The best way to communicate with the Indian embassy is either through emails or by going there physically (it is very close to the Burjuman/Khalid Al Waleed metro station).

To change her name, it would be a difficult process. if ANY detail has to be changed in the new passport in dubai, it requires some sort of attested document from the home state in India. It would be simpler to just get the passport renewed with the details as in the old one, and get the name changed during the next trip to India. HOWEVER, even the name change in India is not eay. It entails applying for a new passport and also filing affidavits for the name change. I am assuming that this name change is pursuant to her getting married. To be honest the pain is not worth it, but my wife was in india for a few months when we were expecting our baby, and she got it done during this time. Also be aware that a number of places will need to be notified for this name change to avoid problems in the future - e.g. banks where she has accounts.


----------



## Bigjimbo

I can't even begin to imagine the torment and pain this is going to involve..........


----------



## rsinner

Bigjimbo said:


> I can't even begin to imagine the torment and pain this is going to involve..........

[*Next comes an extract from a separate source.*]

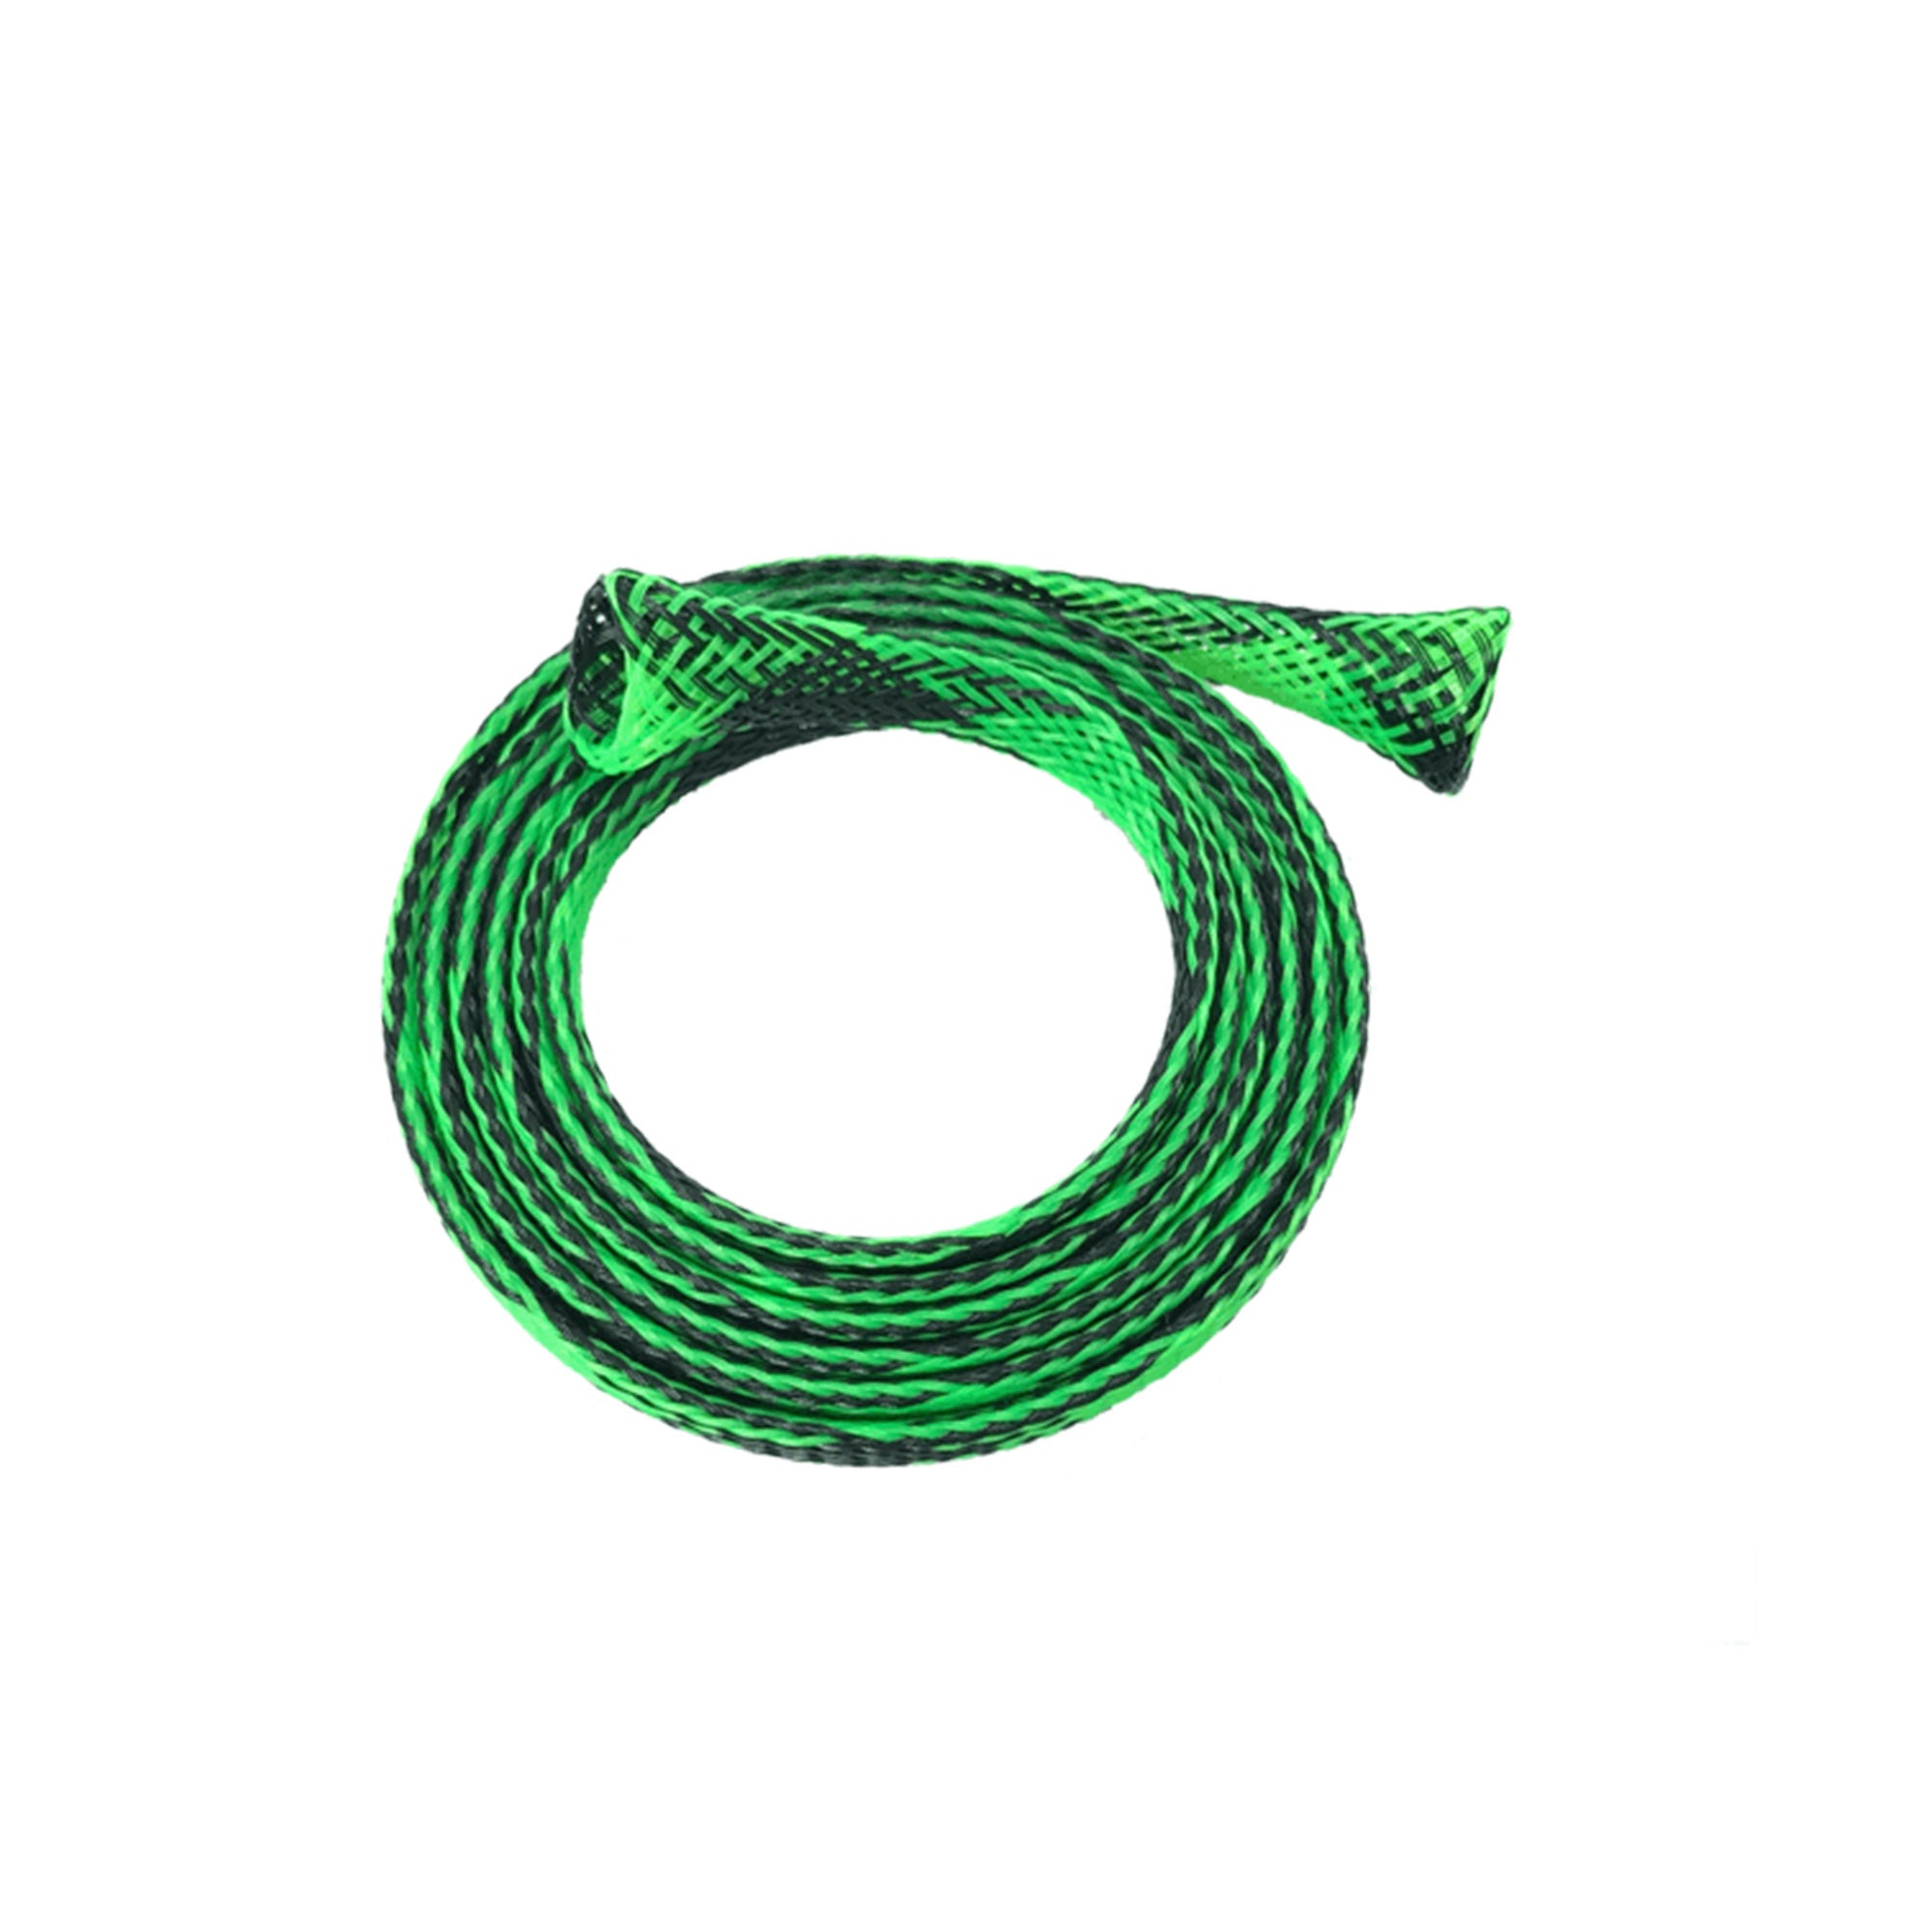 snake skinz metal detector coil wire covers viper green and black

Seriously not worth it ! I am not sure how easy/difficult it is elsewhere, but in India it is a b*tch.

@ Jagatr - your friend may need to check this with a lawyer, but I think that as per law in India, if a Jane Doe marries a john Smith, Jane's surname of Smith will legally have the same status as Doe, and she need not file an affidavit etc etc. However, if she wants to change the name to Jane Doe Smith (which my wife wanted), it will be considered a new name and a painful process.

My advice is just that the next time she is in India, if she has time and the will, she should get it changed. Otherwise just include the spouse's name in her passport. (it can be done in dubai only if the marriage certificate is attested in the home state)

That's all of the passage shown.